## WORK ORDER
Reproduction of part of the material below, pictures omitted: copy exactly, and only, the lines starting with the one with "The ancient Colosseum" and going on through the one with "a duck floating".

## RECORDS PROVIDED
= Beginning of Section =

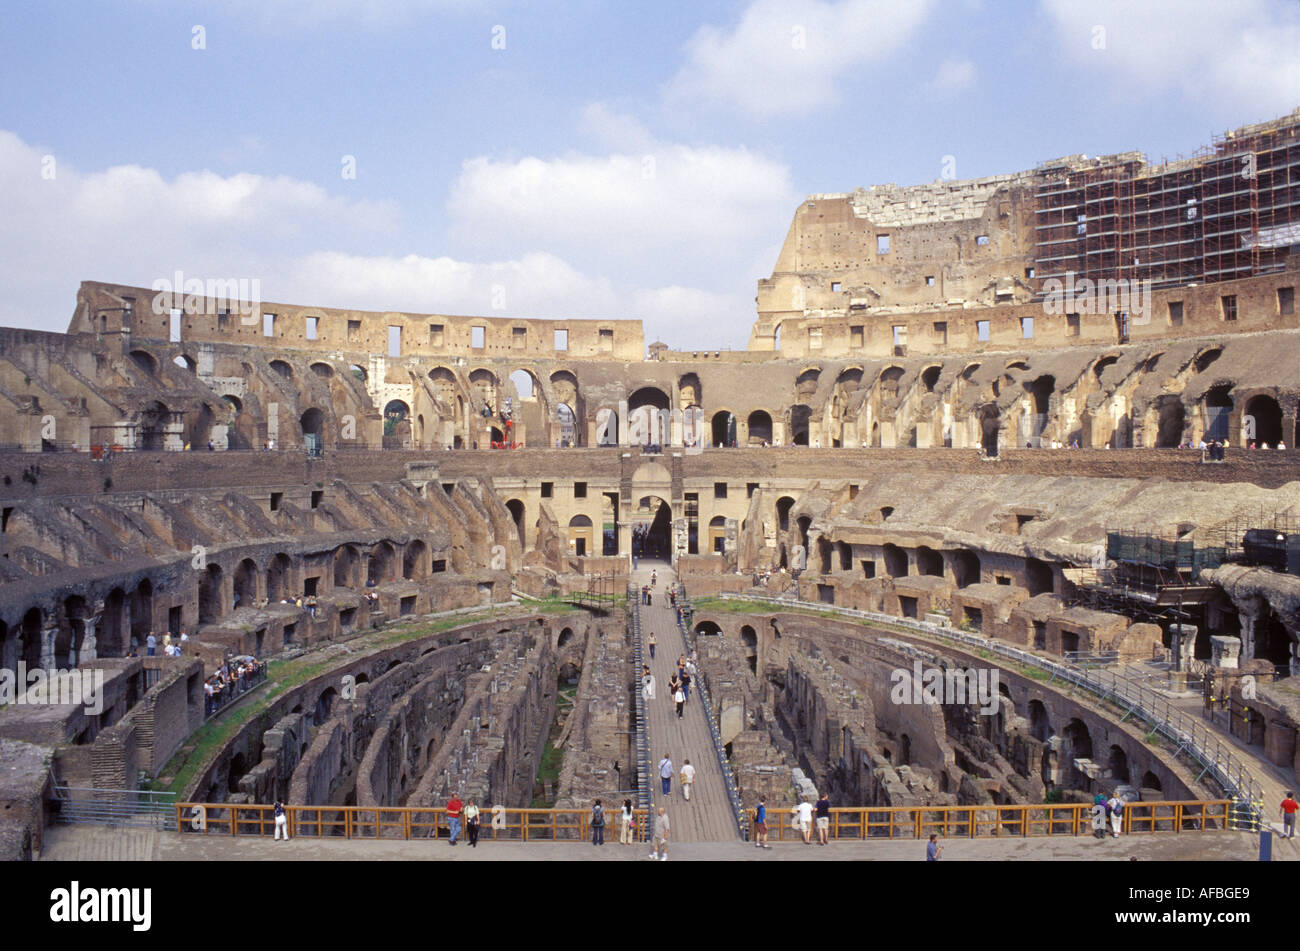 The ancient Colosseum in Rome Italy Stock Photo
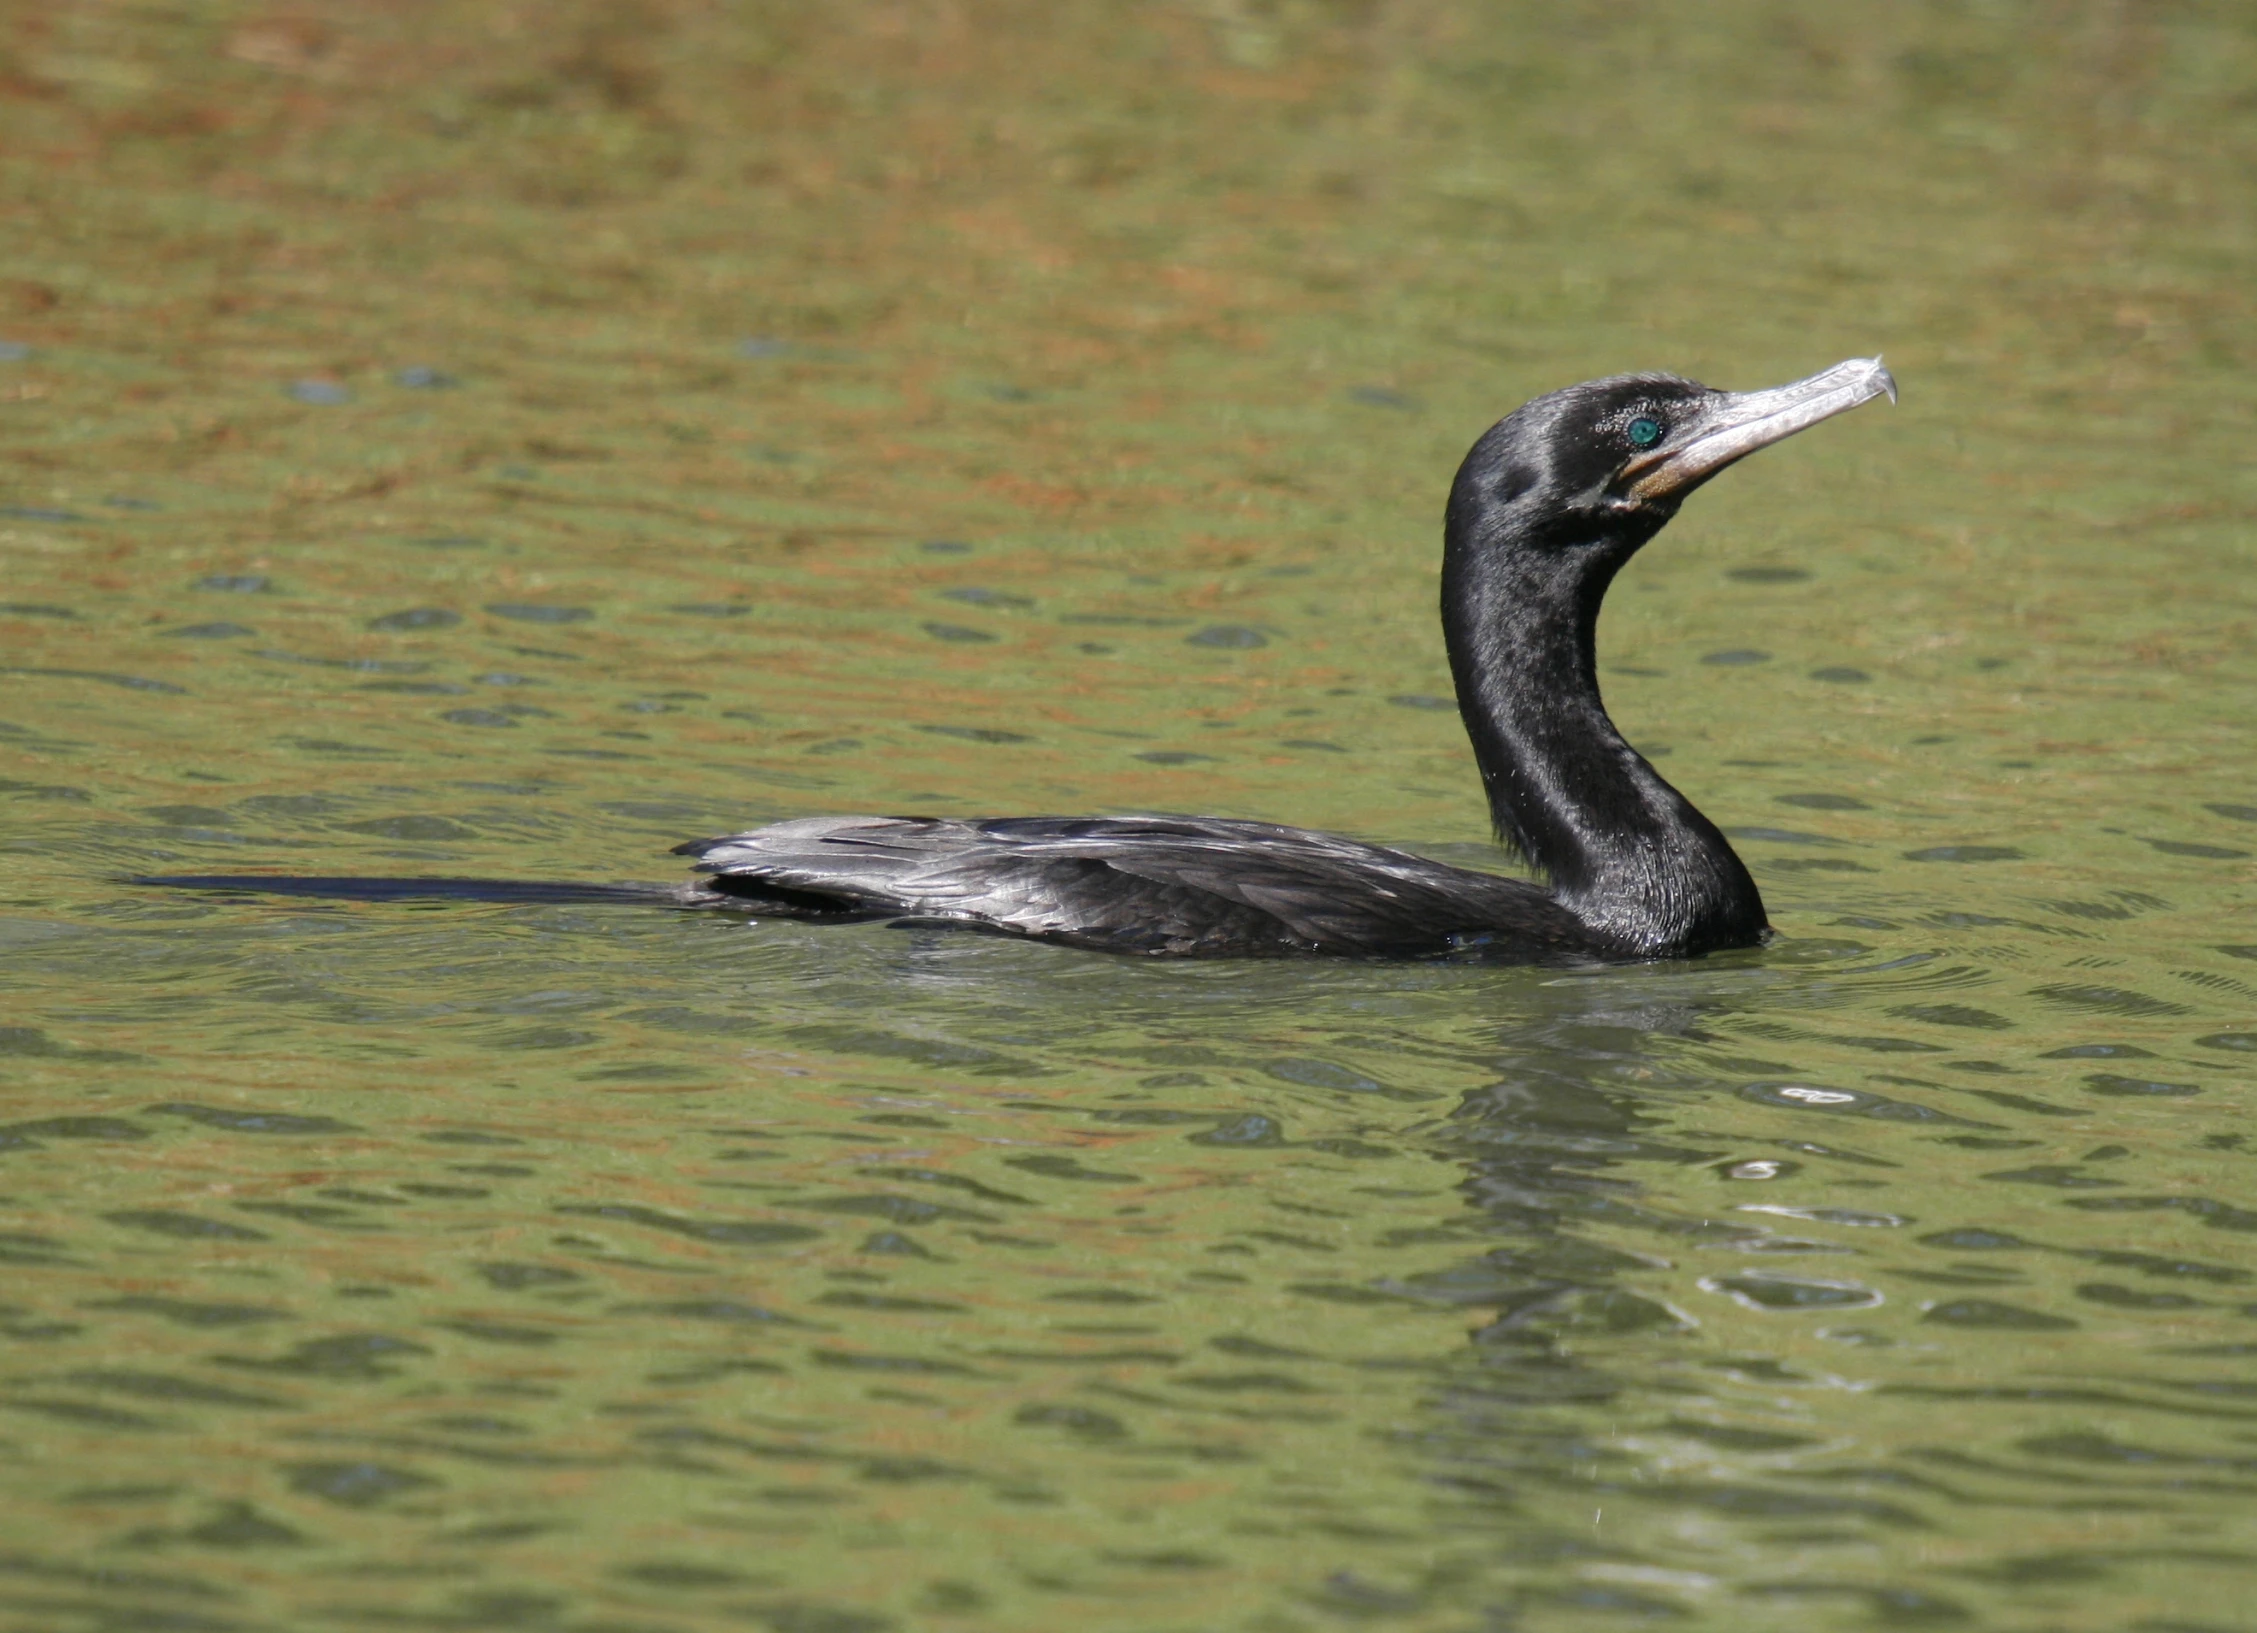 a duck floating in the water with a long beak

= End of Section =
= Beginning of Section =

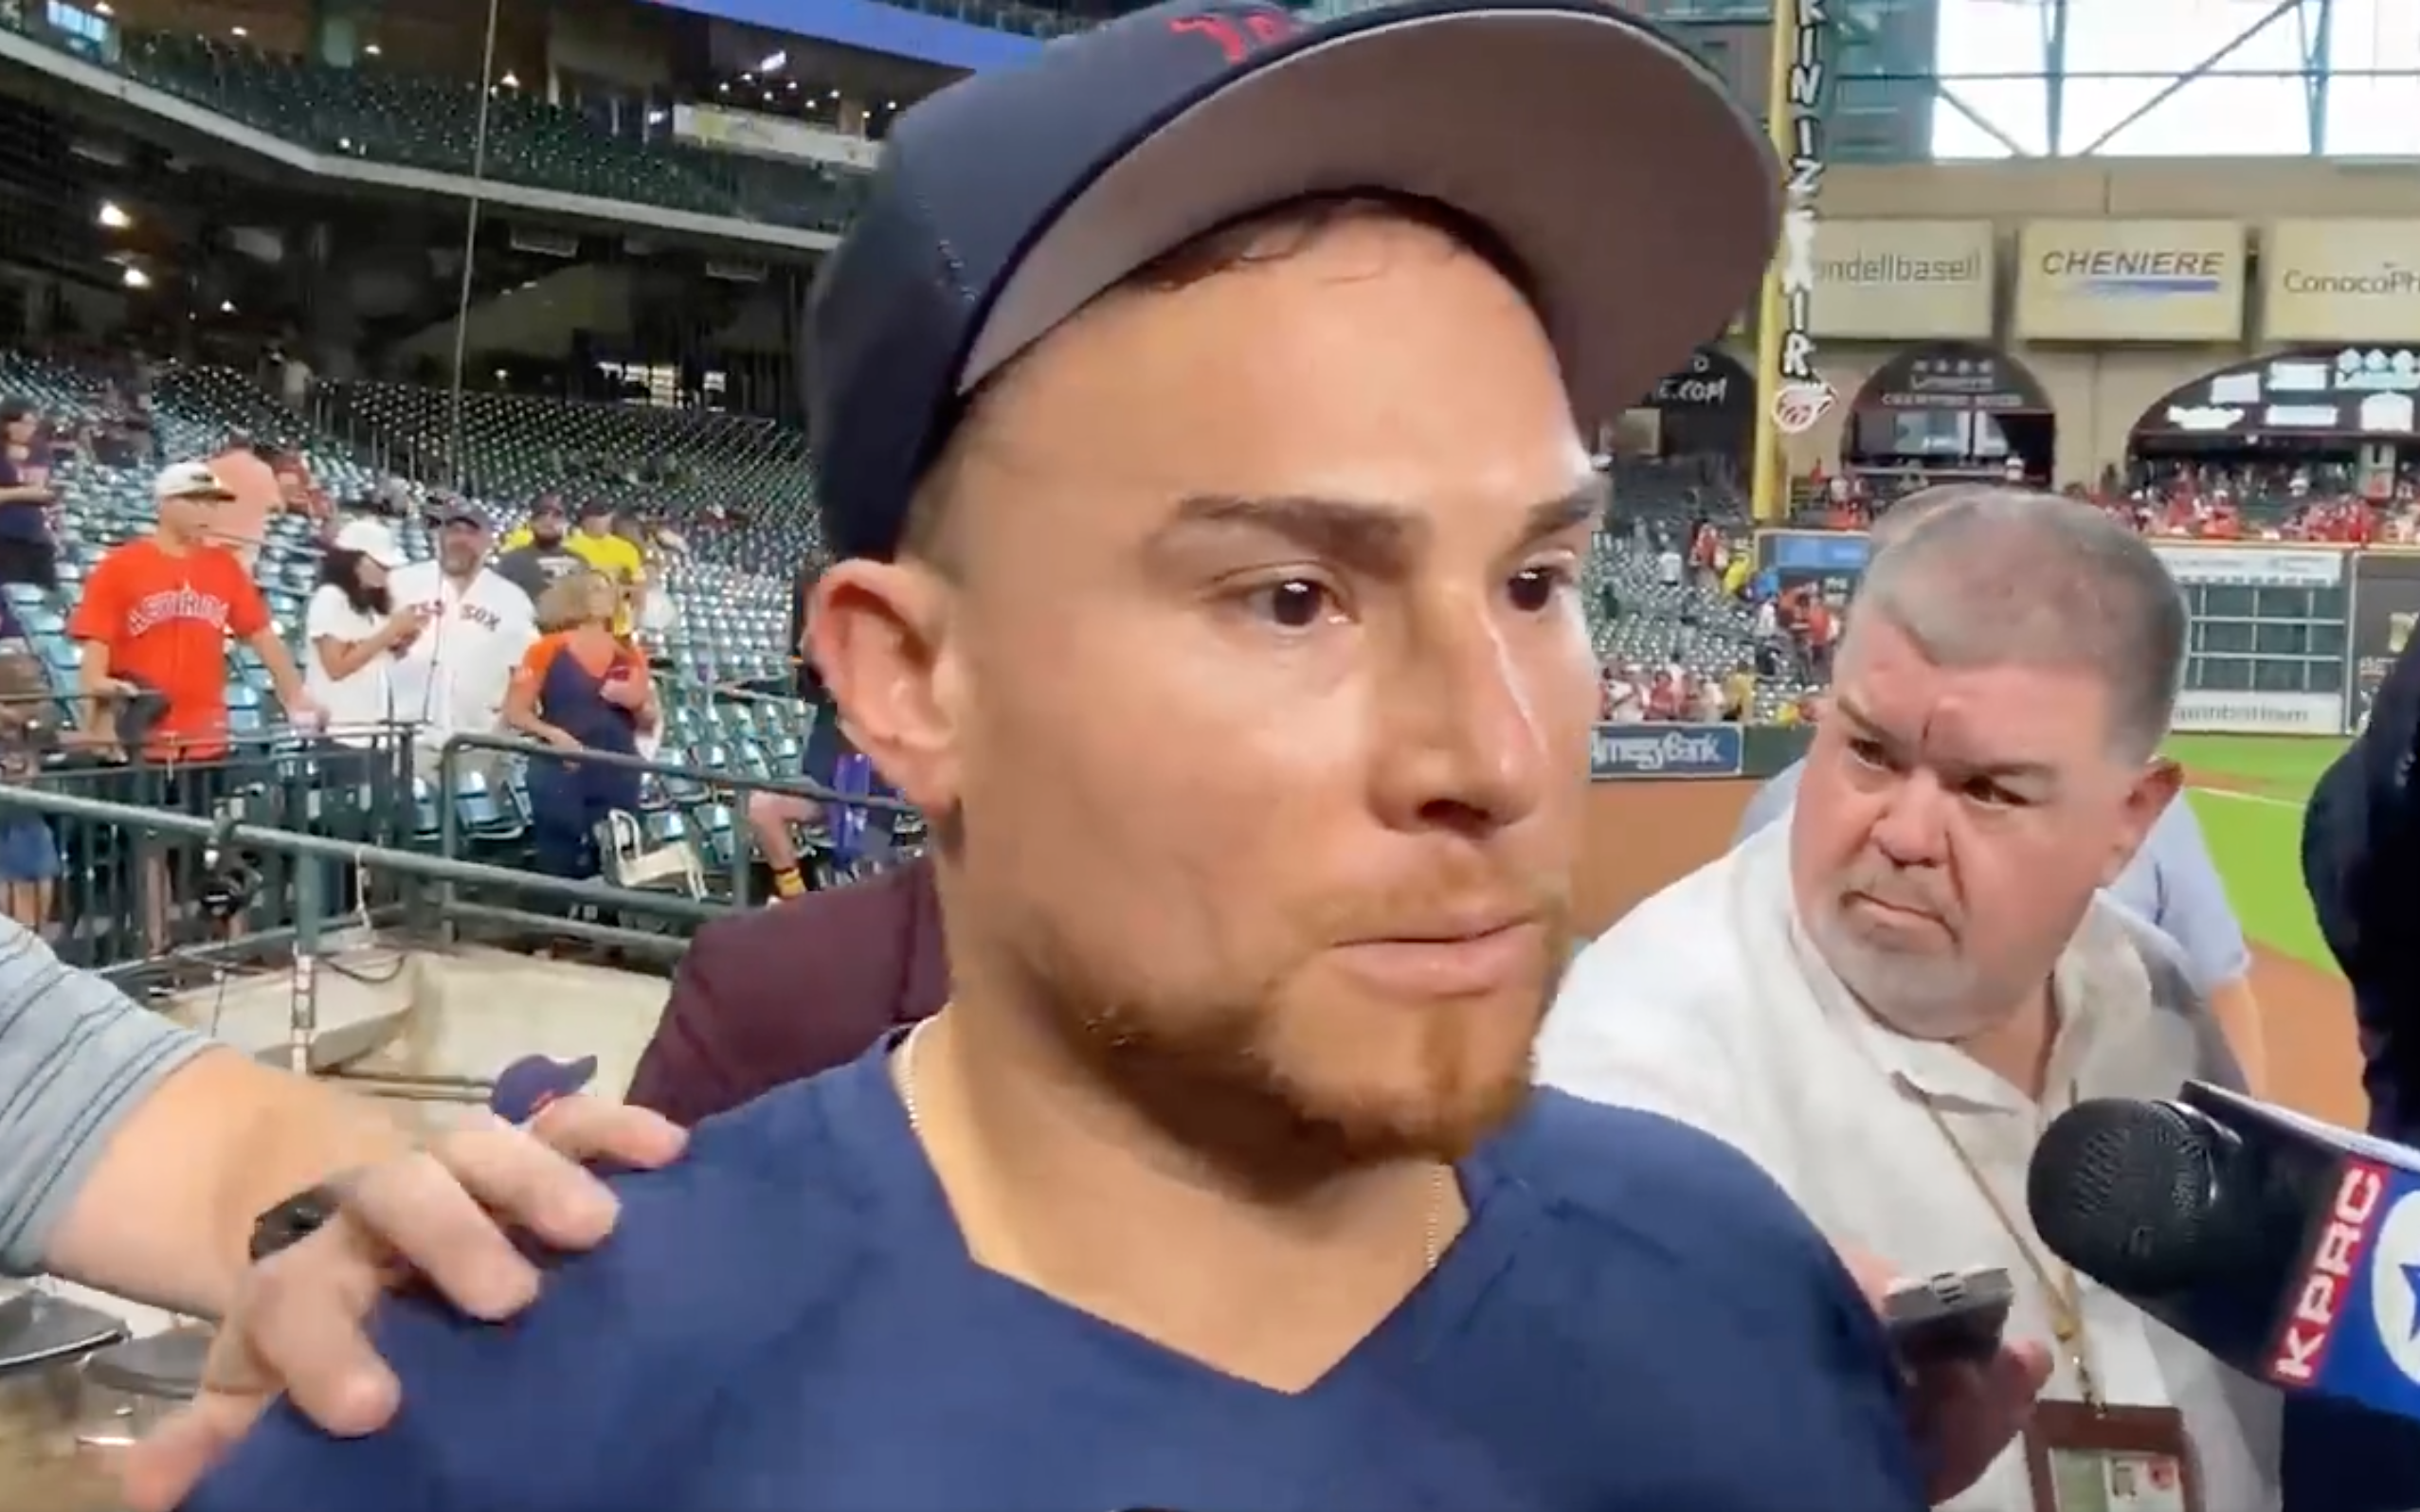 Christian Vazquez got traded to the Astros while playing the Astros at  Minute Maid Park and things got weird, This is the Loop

= End of Section =

## FINISHED EXERCISE
 The ancient Colosseum in Rome Italy Stock Photo
 a duck floating in the water with a long beak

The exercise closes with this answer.